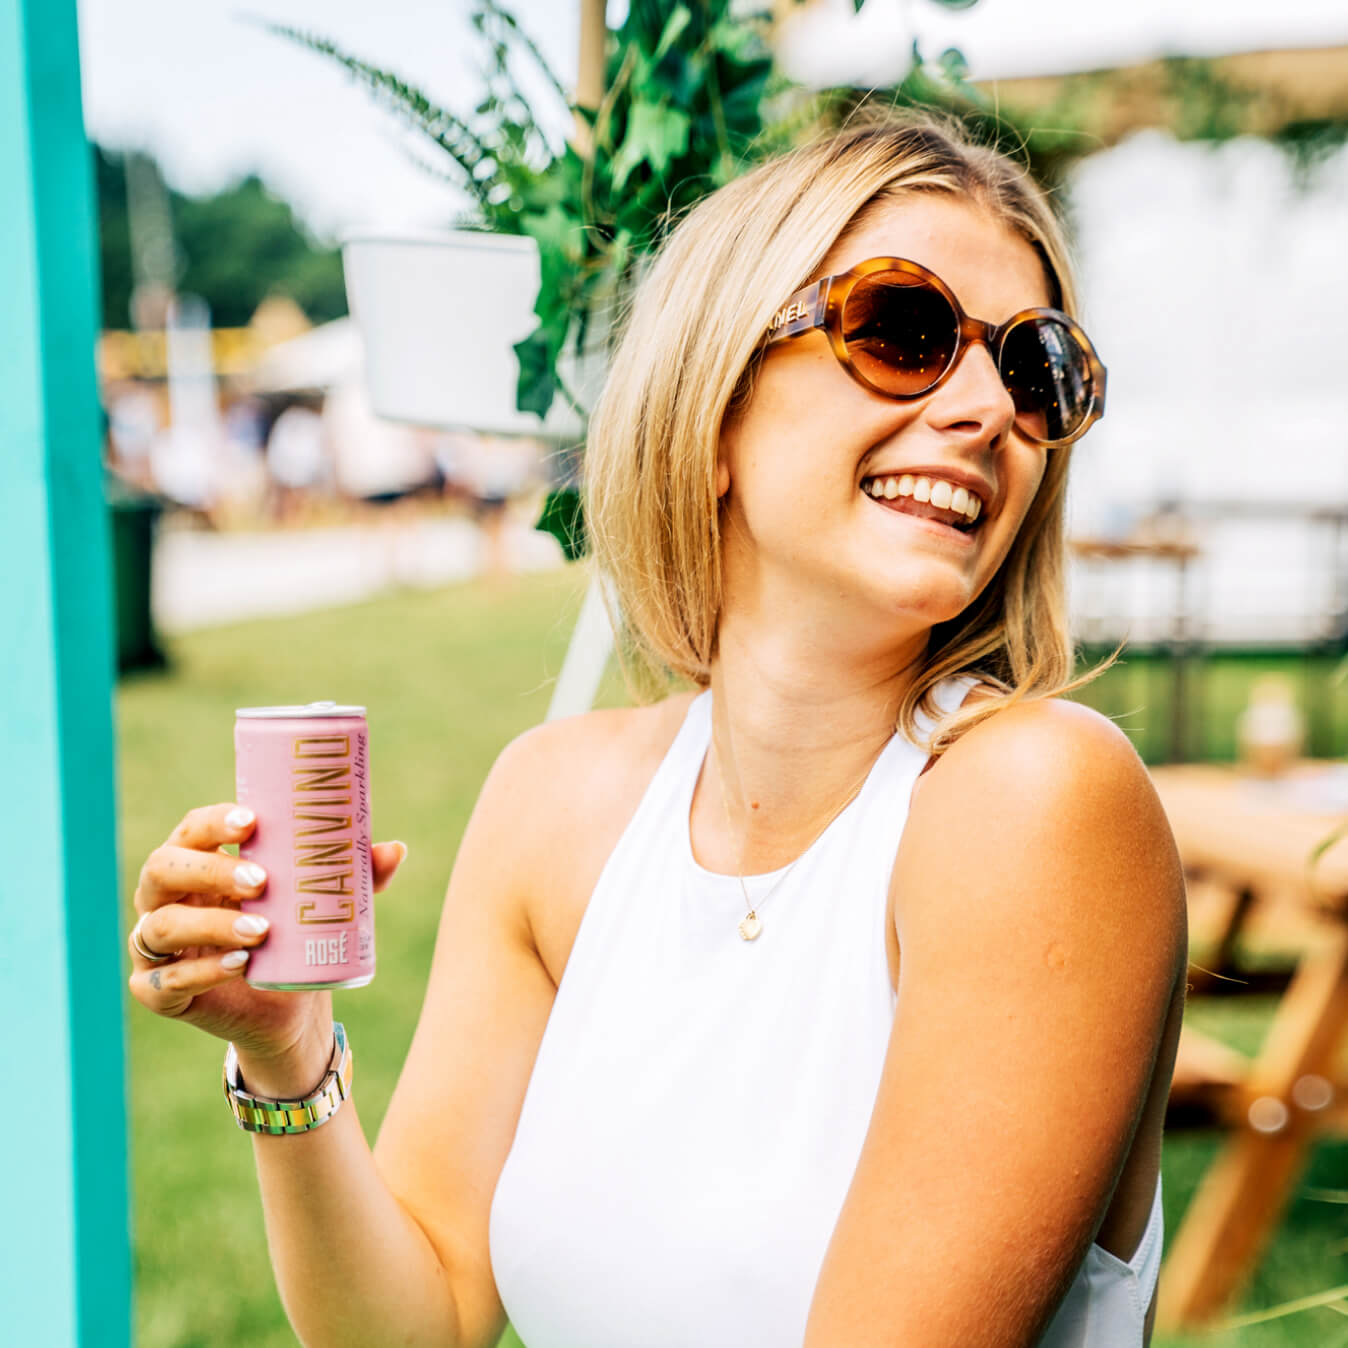 Woman smiling and drinking Canvino at Taste of London
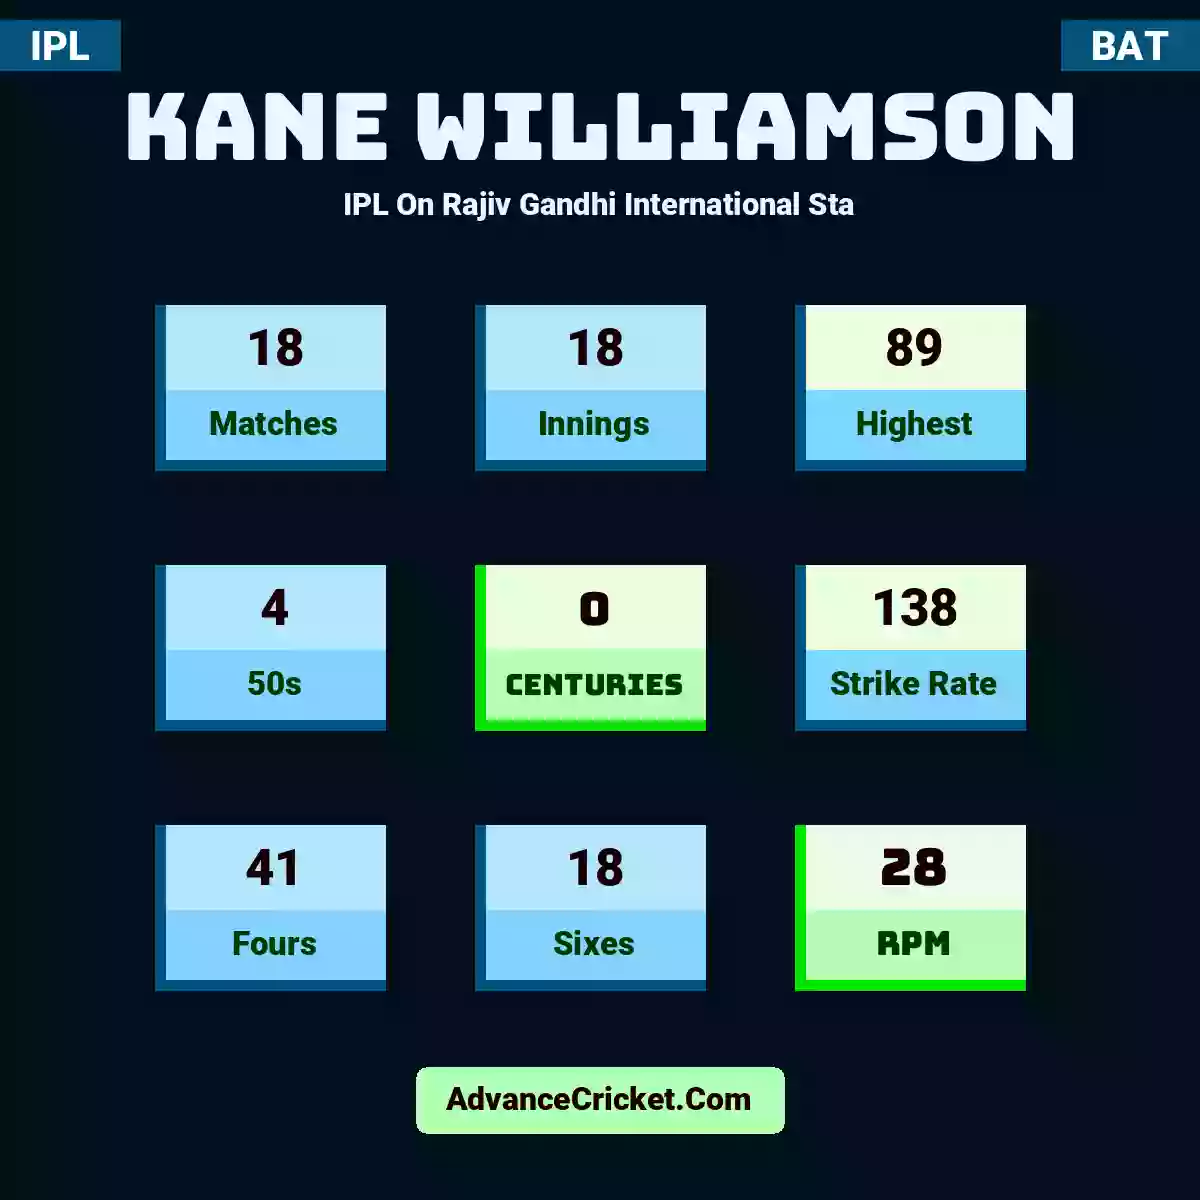 Kane Williamson IPL  On Rajiv Gandhi International Sta, Kane Williamson played 18 matches, scored 89 runs as highest, 4 half-centuries, and 0 centuries, with a strike rate of 138. K.Williamson hit 41 fours and 18 sixes, with an RPM of 28.
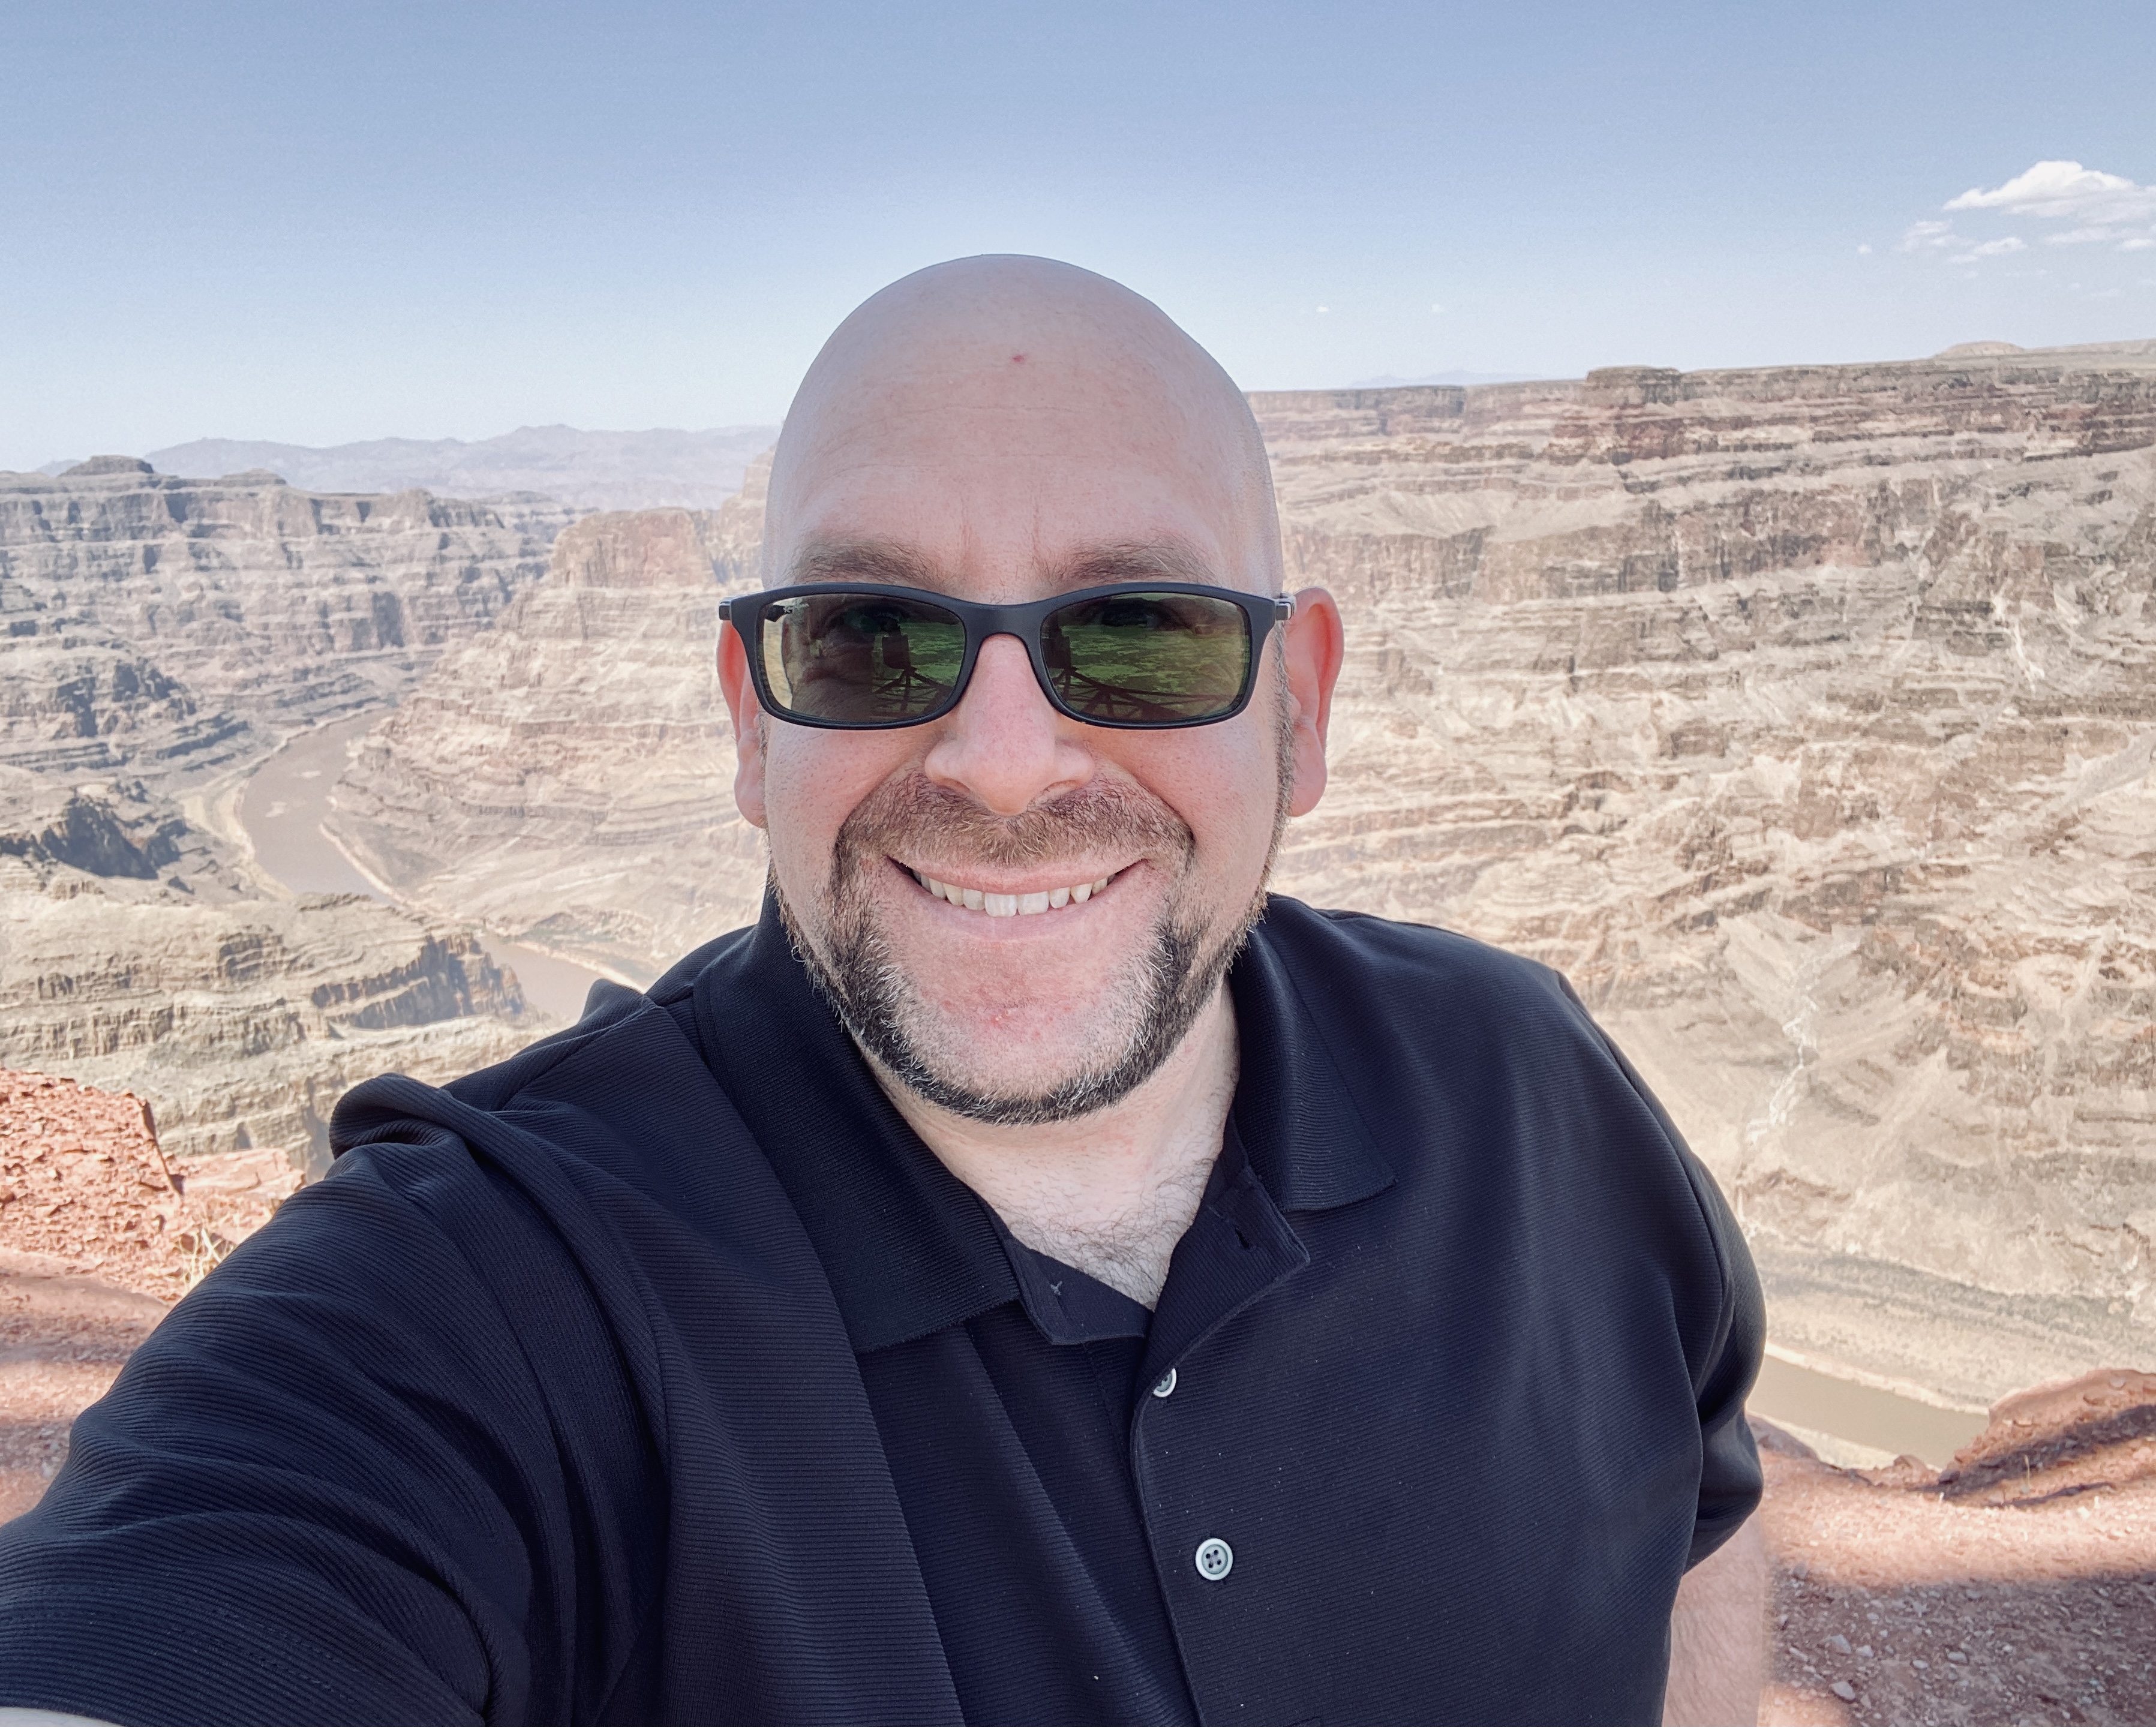 Travel Stories: Grand Canyon West and Las Vegas

• Task to carry out
From the line containing "Kane Williamson IPL" down to the end of the data above, reproduce each line exactly; no pictures.

• Answer box
 Kane Williamson IPL  On Rajiv Gandhi International Sta, Kane Williamson played 18 matches, scored 89 runs as highest, 4 half-centuries, and 0 centuries, with a strike rate of 138. K.Williamson hit 41 fours and 18 sixes, with an RPM of 28.
 Travel Stories: Grand Canyon West and Las Vegas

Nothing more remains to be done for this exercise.